- **Given material**
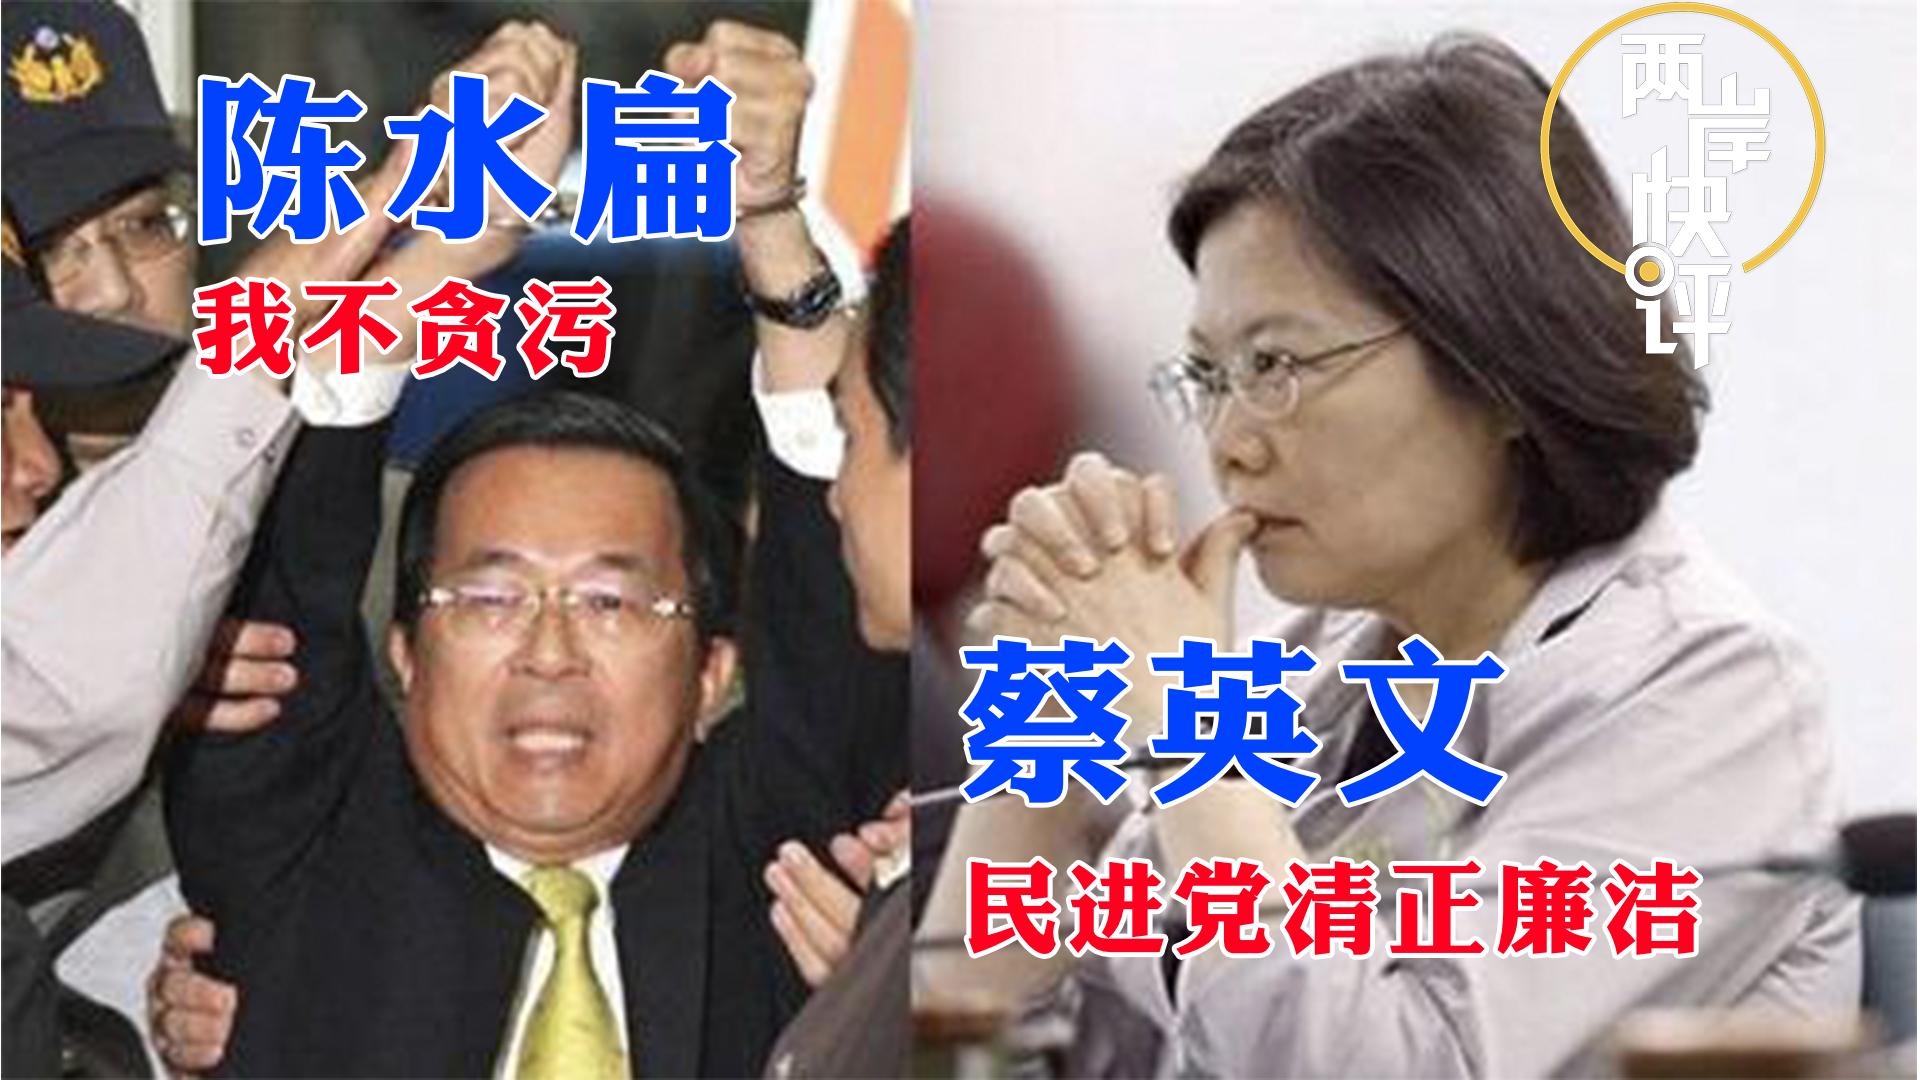 """蔡英文稱清廉""""理所當然"""" 網友追問:陳水扁呢?.jpg"""
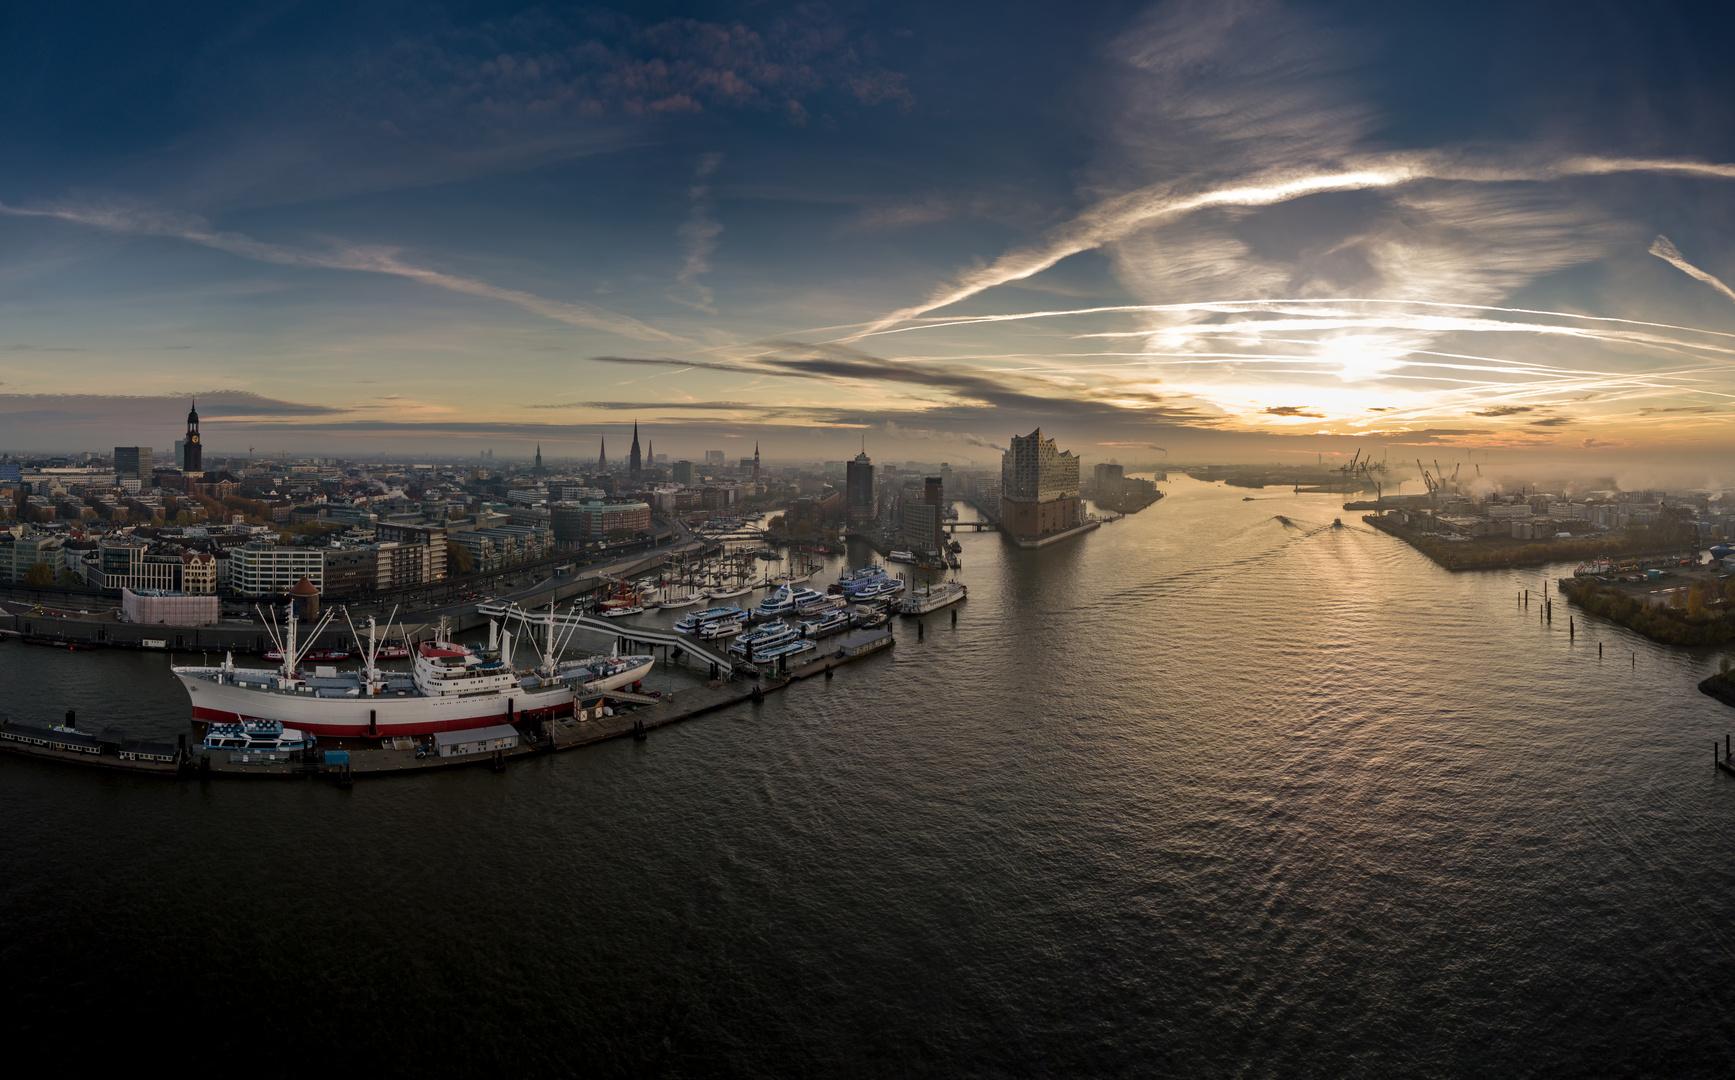 Hamburg mit Elbphilharmonie, Landunsgbrücken, Speicherstadt und Hafencity bei Sonnenaufgang
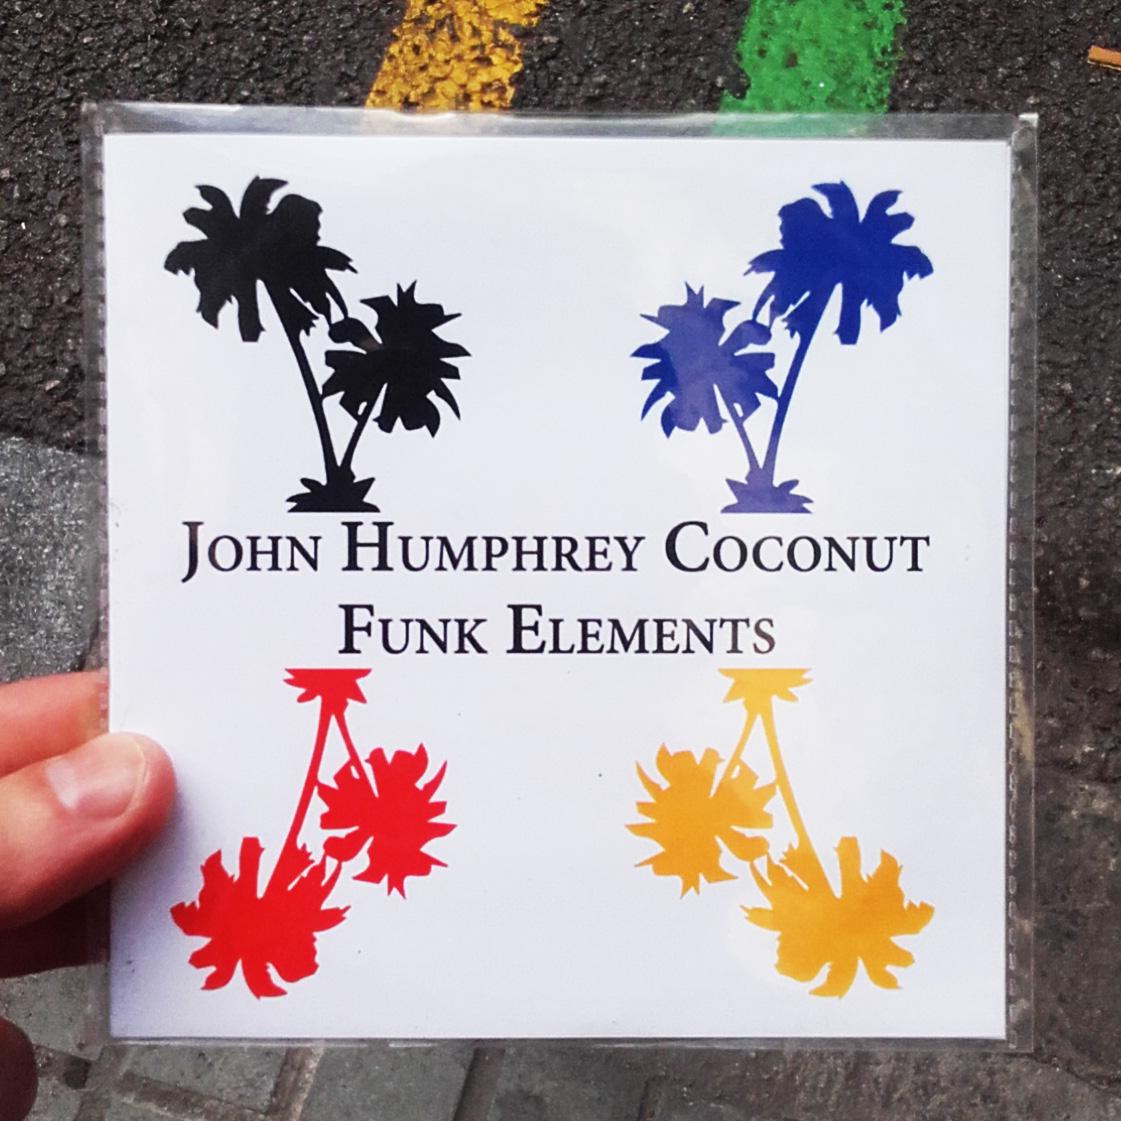 John Humphrey Coconut - Funk Elements
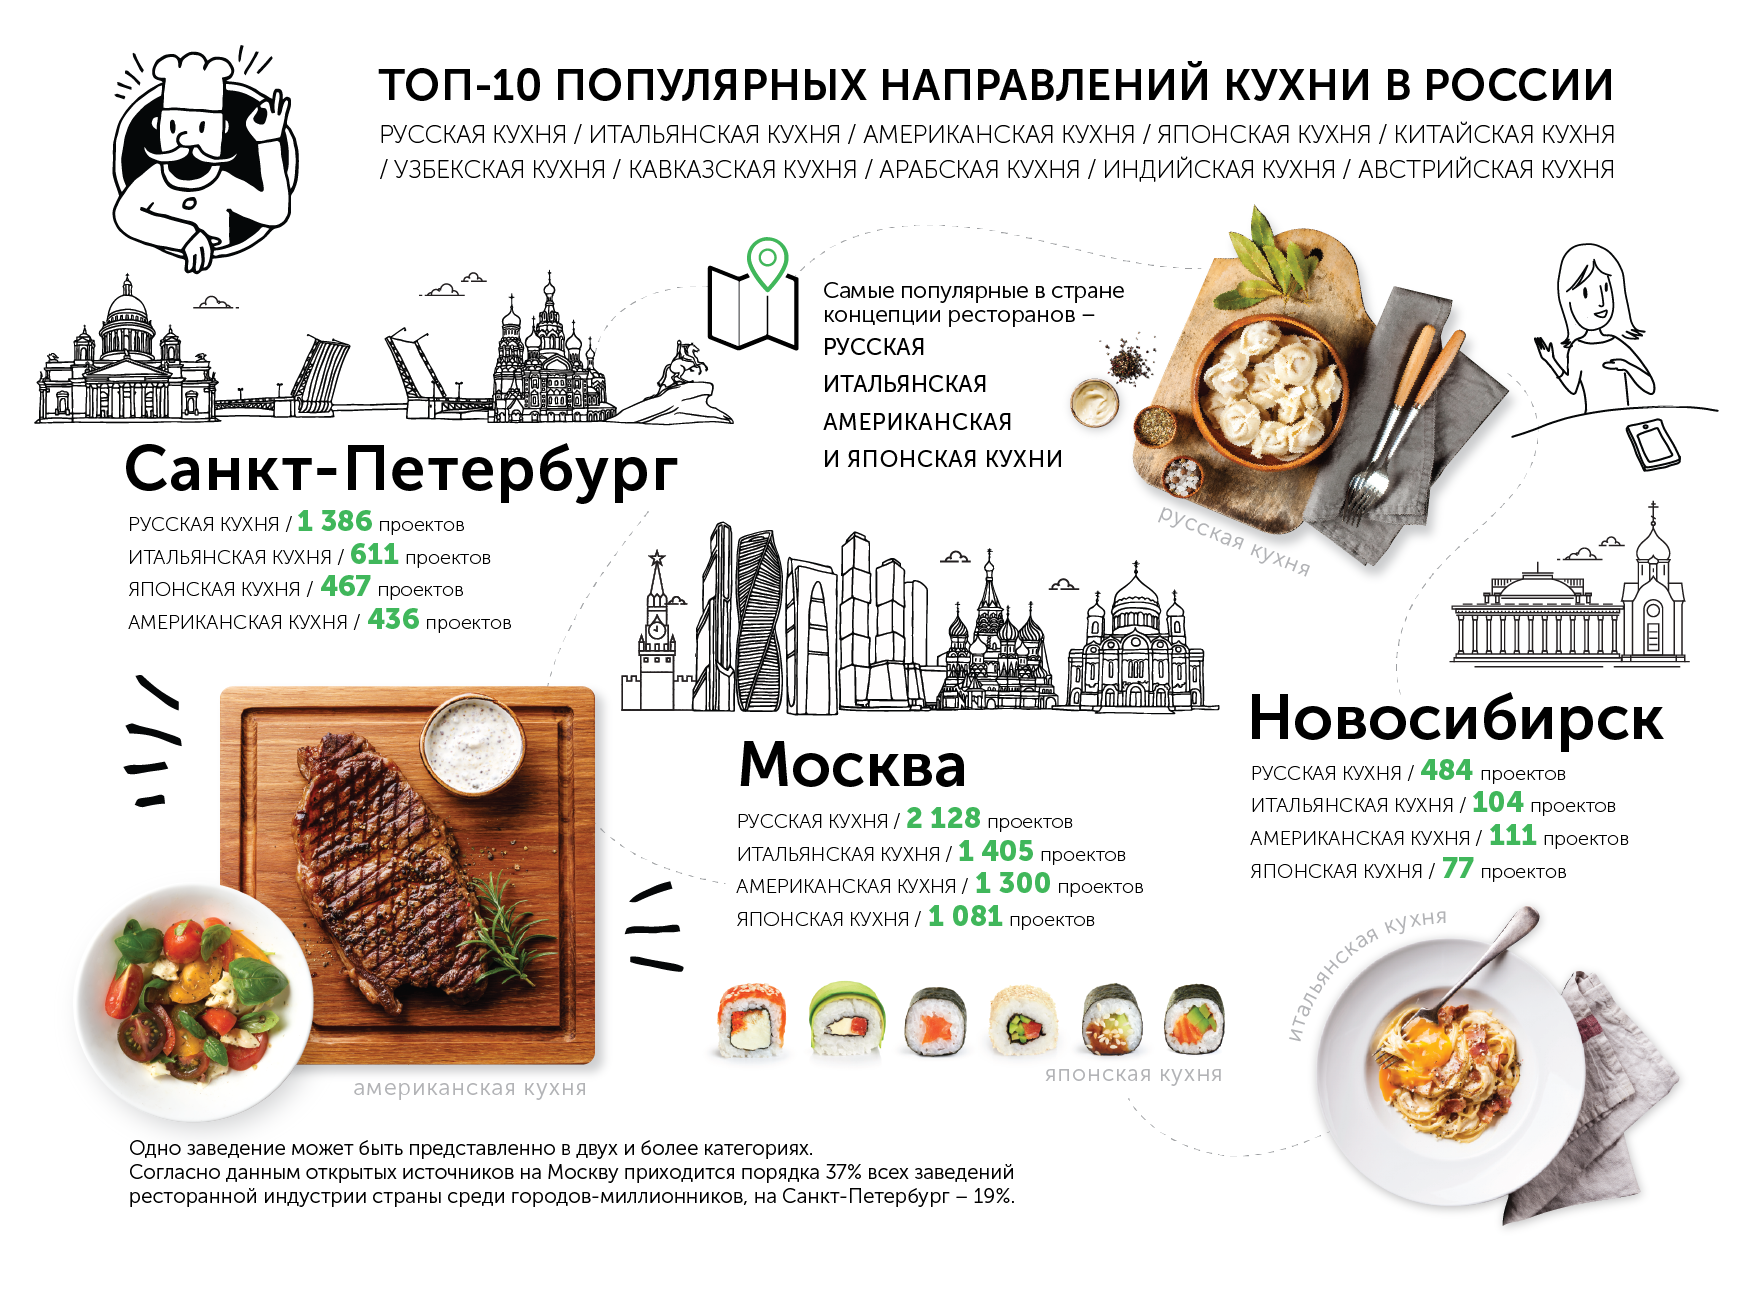 Какие рестораны наиболее популярны в России

- **Problem statement**
Would you copy all of the data exactly? Keep the pictures out of it.

- **Written response**
 """蔡英文稱清廉""""理所當然"""" 網友追問:陳水扁呢?.jpg"""
 Hamburg mit Elbphilharmonie, Landunsgbrücken, Speicherstadt und Hafencity bei Sonnenaufgang
 John Humphrey Coconut - Funk Elements
 Какие рестораны наиболее популярны в России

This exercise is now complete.